Atlantis/Telefilm

Recensione | Atlantis 1×13 “Touched by the Gods – part 2”

Buon lunedì a tutti, ragazzi!
Siamo giunti alla recensione sull’ultimo episodio di Atlantis per questa prima stagione e, dopo la recensione di rito, sarà il momento di tirare le somme di questi tredici episodi.

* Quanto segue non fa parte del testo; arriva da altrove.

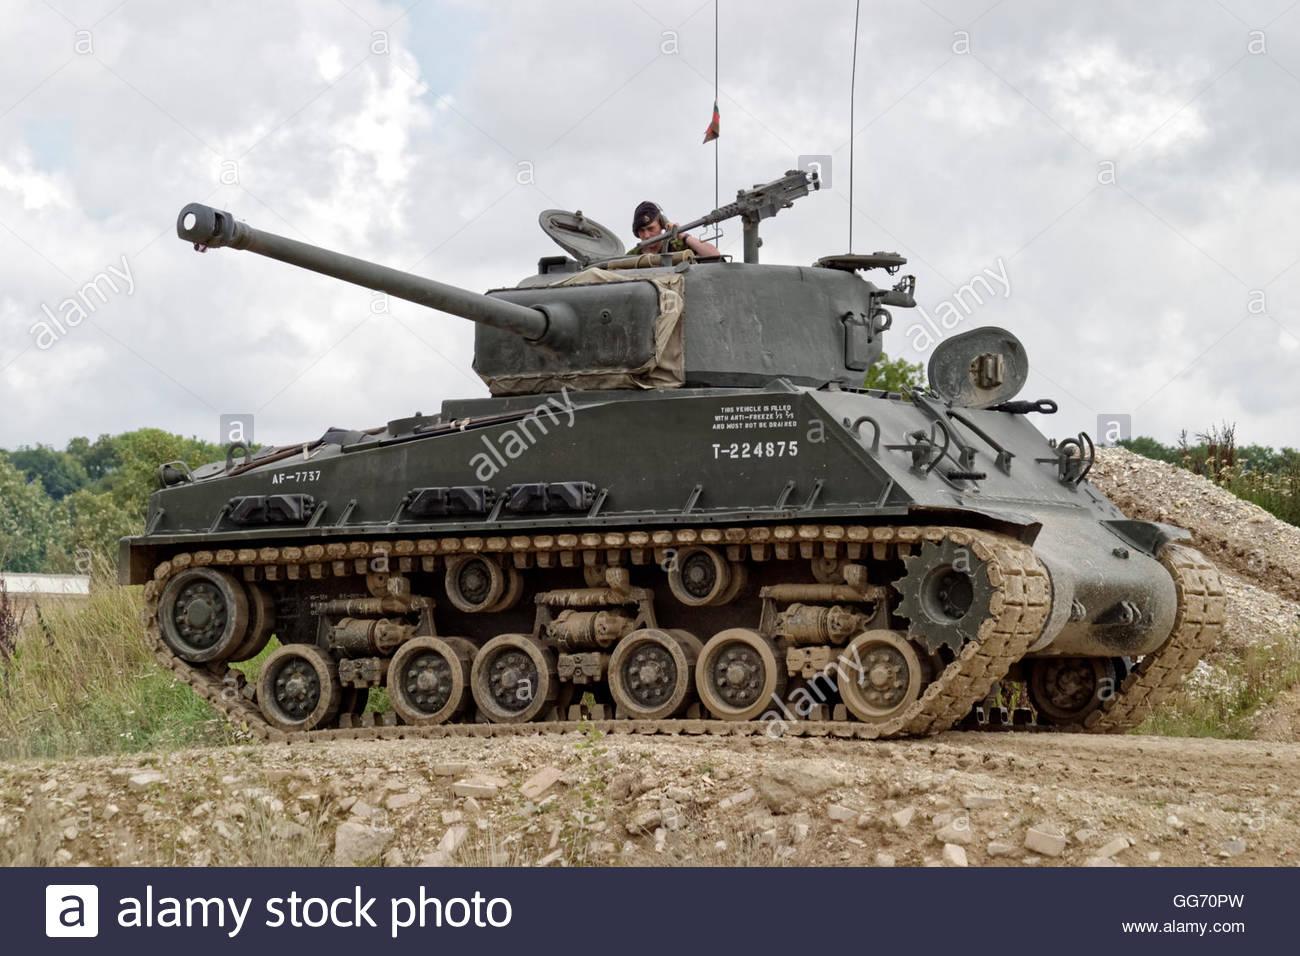 Click image for larger version  Name:an-m4a2-76-hvss-sherman-tank-at-the-tank-museum-bovington-dorset-united-GG70PW.jpg Views:40 Size:177.4 KB ID:2254708
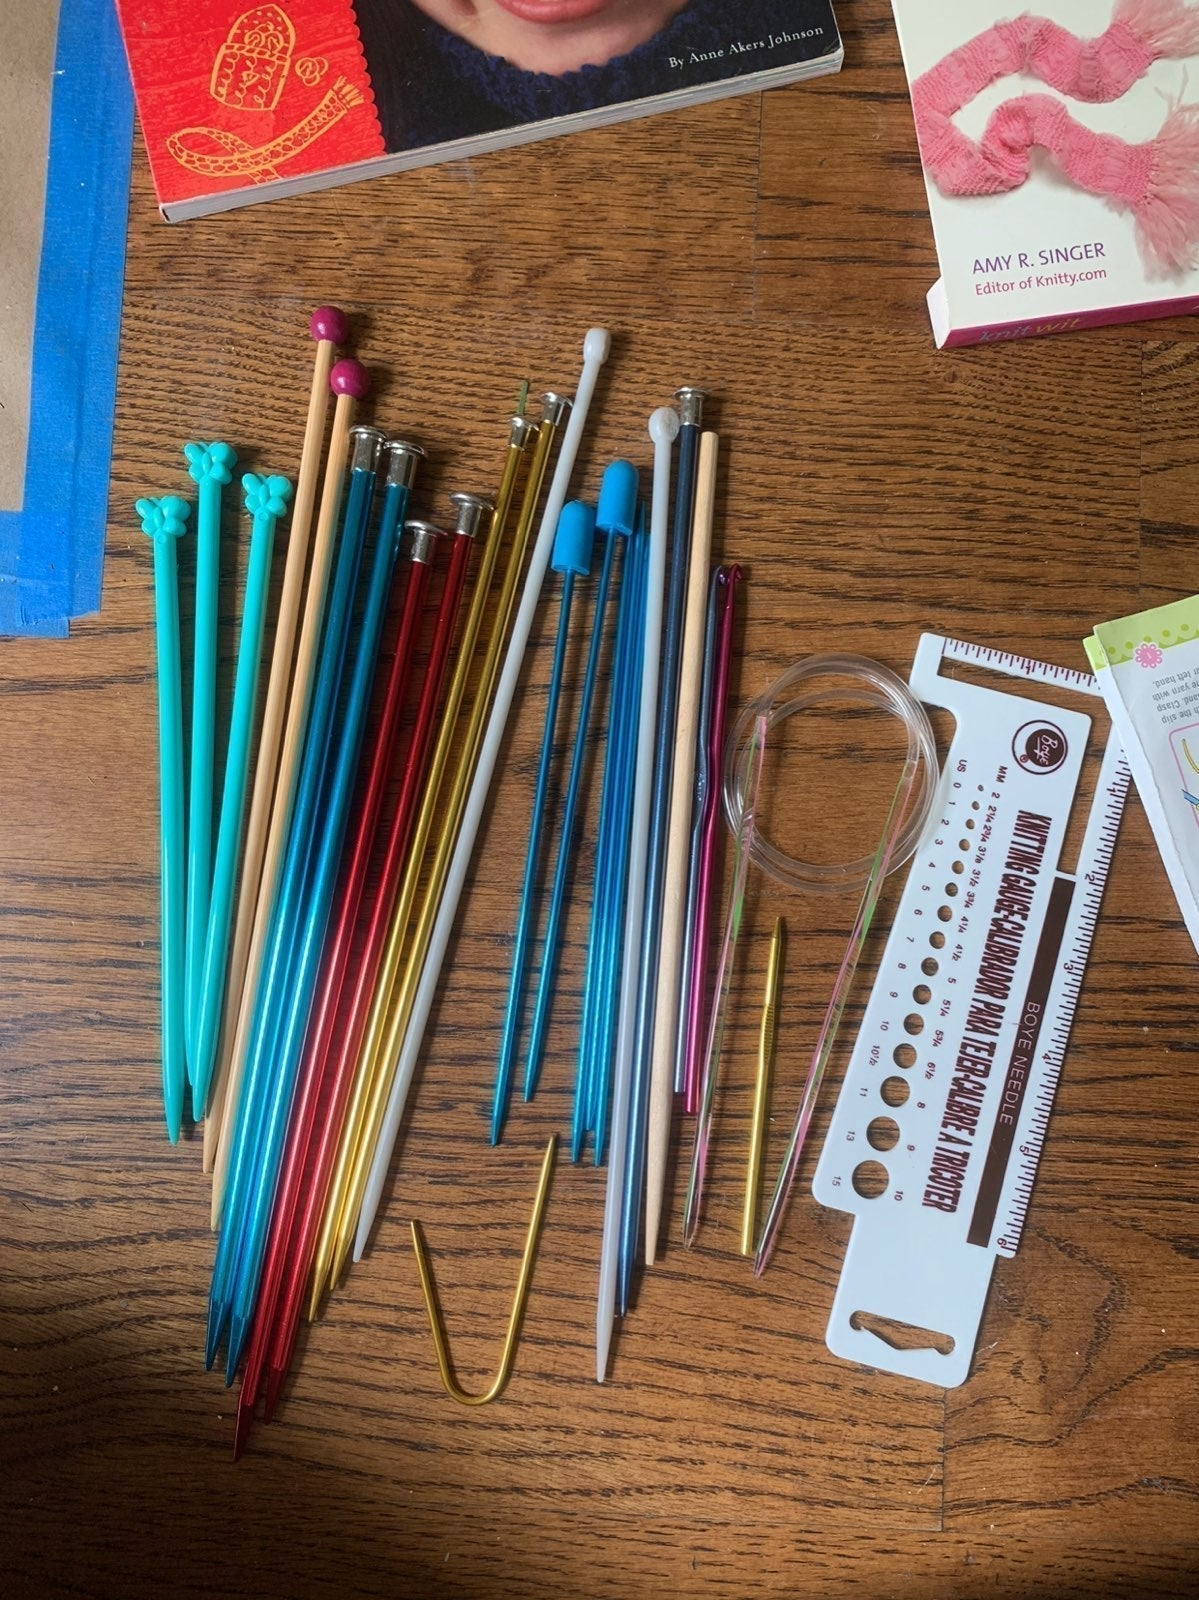 Assortment of knitting needles

Nell’episodio precedente, eravamo rimasti che Jason avrebbe dovuto uccidere Pasiphae, ma non è riuscito a compiere questo gesto a sangue freddo, però è riuscito a liberarsi della sua promessa a Circe uccidendo proprio quest’ultimo. Purtroppo (?), nel tentativo di aiutare l’amato, Ariadne è stata accusata di tradimento da Pasiphae e condannata a morte, mentre intanto il sovrano Minosse è sempre più ad un passo anche lui dalla dipartita definitiva.

Riprendiamo da qui, con Jason che ha scoperto cos’è successo ad Ariadne ed ovviamente non può lasciarla nei guai.

Ariadne è stata condannata ad una morte orribile, per mano del toro di Falaride. Si tratta di un enorme toro di metallo, in cui il condannato viene fatto entrare dentro la sua pancia (ricorda tantissimo il cavallo di Troia di Ulisse!) e poi il toro viene scaldato, in modo che la persona al suo interno muoia arrostita come se fosse in un forno.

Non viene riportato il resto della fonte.